Ape Tales
affenBRUT
Sie sind kulturell absolut unbedarft – zumindest in Sachen bildender Kunst. Gleichwohl, sie malen - konzentriert und leidenschaftlich.
Die Arbeiten von Orang Utans entführen den Betrachter über Äonen zurück in eine Zeit, als die Gattung Mensch noch nicht war. Gleichwohl hatte die Evolution bereits einen Sinn für Komposition, Gestaltung und Ordnung hervorgebracht, ihn in ein 'Ästhetik-Modul' gegossen und tief im Primatenhirn verankert.
Rund 13 Millionen Jahre und einen komplexen Stammbaum hominider Formenvielfalt später, irgendwann zu Beginn des 20. Jahrhunderts, entdeckte Homo sapiens erstaunt die kompositorischen Begabungen seiner Gattungsnachbarn. Und warf so einen ersten Blick auf die genetischen Basics des eigenen ästhetischen Bewusstseins.
In der Mitte des Jahrhunderts, der abstrakte Expressionismus war gerade en vogue, wurde die Affenmalerei ob ihrer äußerlichen Nähe zu diesem Stil zum Medienthema. Nobilitiert durch Ausstellungen, etwa im Institute of Contemporary Arts, blickte eine interessierte Öffentlichkeit gebannt auf die tierischen ‚Künstler’. Der Star unter ihnen hieß Congo, ein Schimpanse, der während seiner zweijährigen Schaffensperiode rund 400 Blätter produzierte. Drei von ihnen kamen unlängst im Londoner Auktionshaus Bonhams für insgesamt 21.515,00 Euro unter den Hammer (vgl. hier).

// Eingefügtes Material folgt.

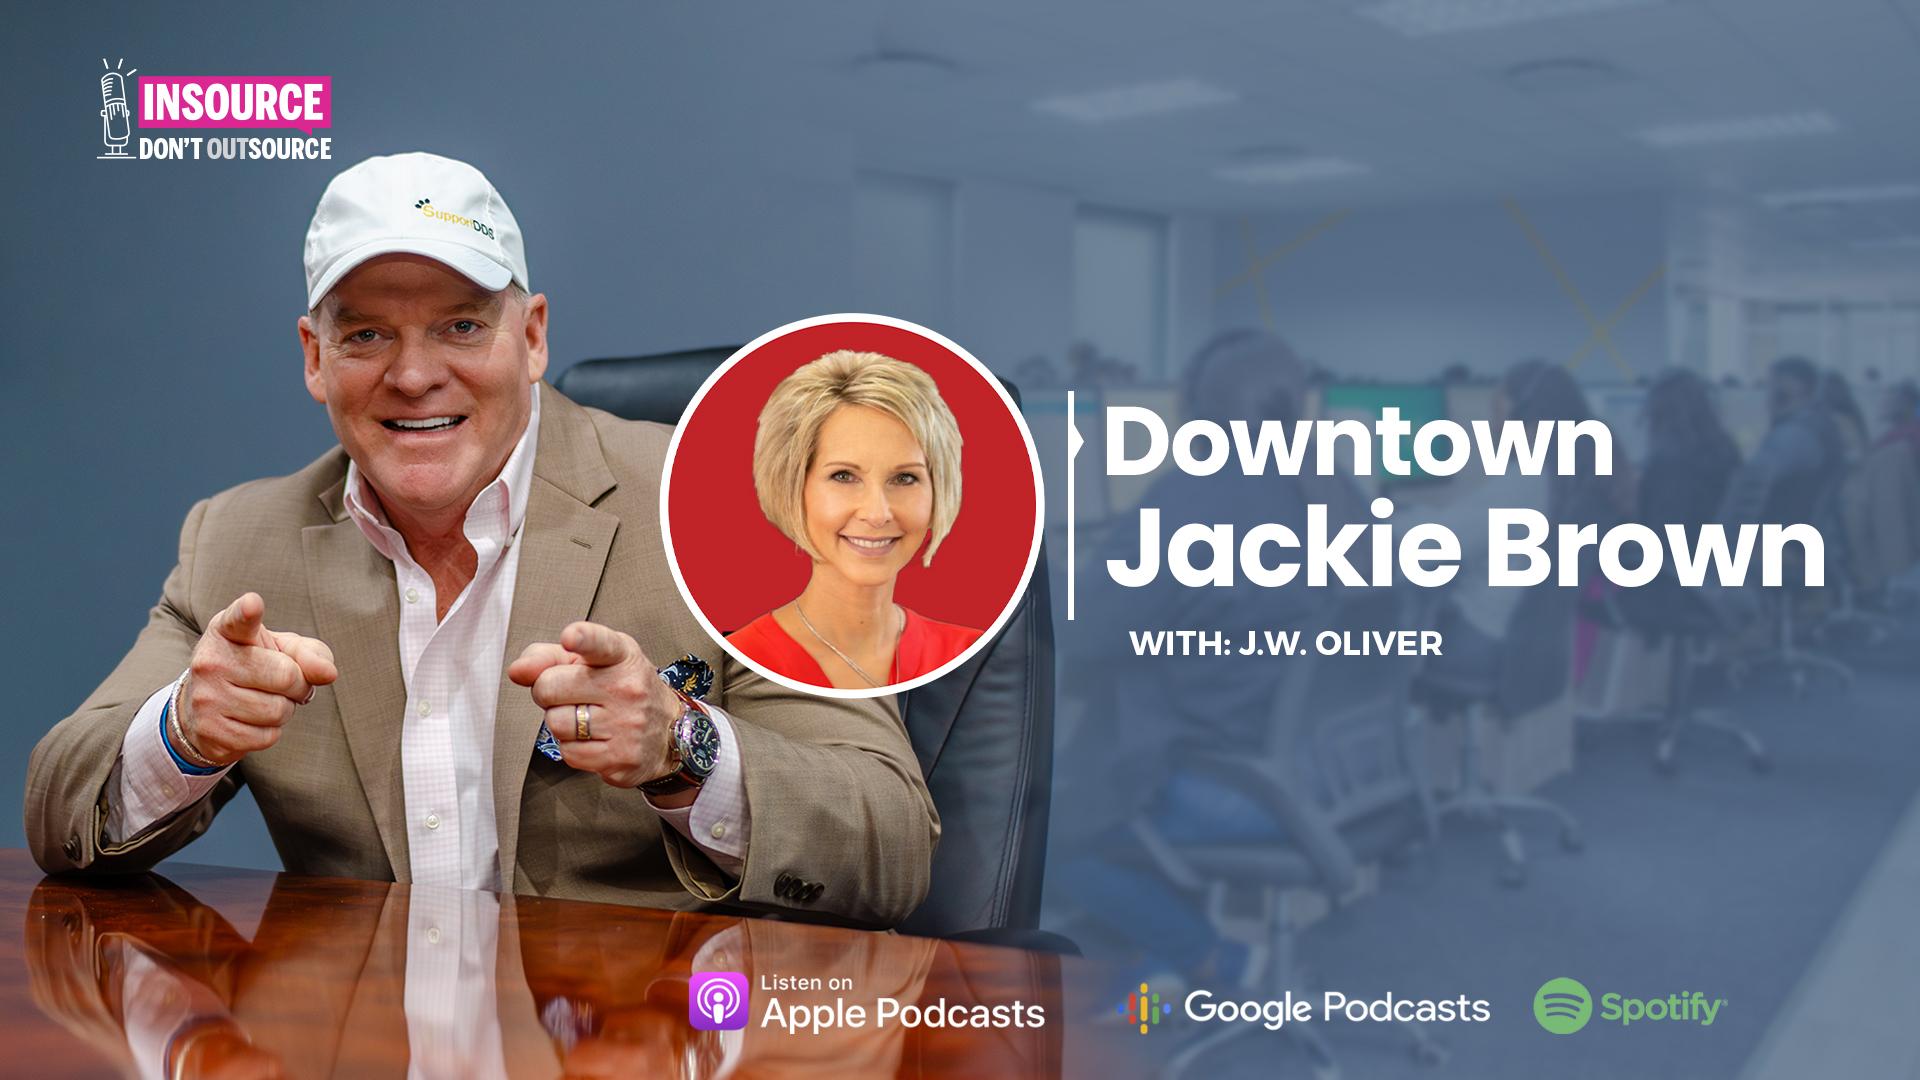 Episode 38 | Downtown Jackie Brown with J.W. Oliver

Doch ist es ‚Kunst’, was der amerikanische Sammler dort ersteigerte? Immerhin hat der Verhaltensforscher Desmond Morris die Affenbilder mit Werken des Tachismus verglichen, einer Richtung der informellen Malerei, die Empfindungen durch spontanes und jede rationale Kontrolle vermeidendes Auftragen von Farbflecken auf die Leinwand auszudrücken sucht.
Kunst – der Begriff ist Verhandlungssache. Im Laufe der Jahrhunderte und in den verschiedenen Kulturen hat er einen steten Bedeutungswandel erfahren, tut es noch. Werkbezogen lautet eine populäre Formel: Kunst ist das Ergebnis eines kreativen Prozesses. So gesehen: die Orang Utans sind kreativ, zumindest rudimentär. Und die Produkte ihres Tuns sind deshalb auch Kunst.
Oder aber eine der Prämissen ist falsch.
Weitgehend unstrittig ist, dass einfache, kreative Leistungen zum Repertoire der Menschenaffen gehören, mithin biologisch verankert sind. Auch der renommierte Primatenforscher Frans de Waal geht davon aus, dass der "Keim der Ästhetik" bei Menschenaffen bereits aufgegangen sei. Und Desmond Morris postuliert einen dem Menschen wie dem Affen angeborenen Trieb, sich ästhetisch auszudrücken. (...)
Die Arbeiten der Orang Utans können als eindrucksvolle Belege einer rudimentären, ästhetischen Kompetenz gesehen werden. Und einer vitalen Kreativität, die sie spielerisch auf Höhe ihres Evolutionsstandes ausagieren. Vielleicht wäre eine angemessene Deklaration ihrer Zeichnungen und Bilder der Begriff 'affenBRUT' – in Anlehnung an den Begriff 'Art brut'. Der meint die rohe und kulturell unverfälschte Kunst von gesellschaftlichen Außenseitern, die ihre Kreativität nicht entlang zivilisatorischer Schablonen ausleben, nicht eingezwängt sind von den vorherrschenden Rastern der Ästhetik – zumindest tendenziell.
Heinz Hachel
Aus tierrechtlicher Sicht ist die Gefangenhaltung von Menschenaffen (und anderer Tiere) in Zoos grundsätzlich inakzeptabel. Wenn und solange Tiere indes in Gefangenschaft gehalten werden, müssen ihnen sinnvolle Beschäftigungsangebote gemacht werden, die kognitiver, emotionaler und kommunikativer Deprivation entgegenwirken. Die o.a. Bilder stammen von der Orang Utan-Frau Nonja, die seit ihrer Geburt im Zoo Schönbrunn in Wien lebt.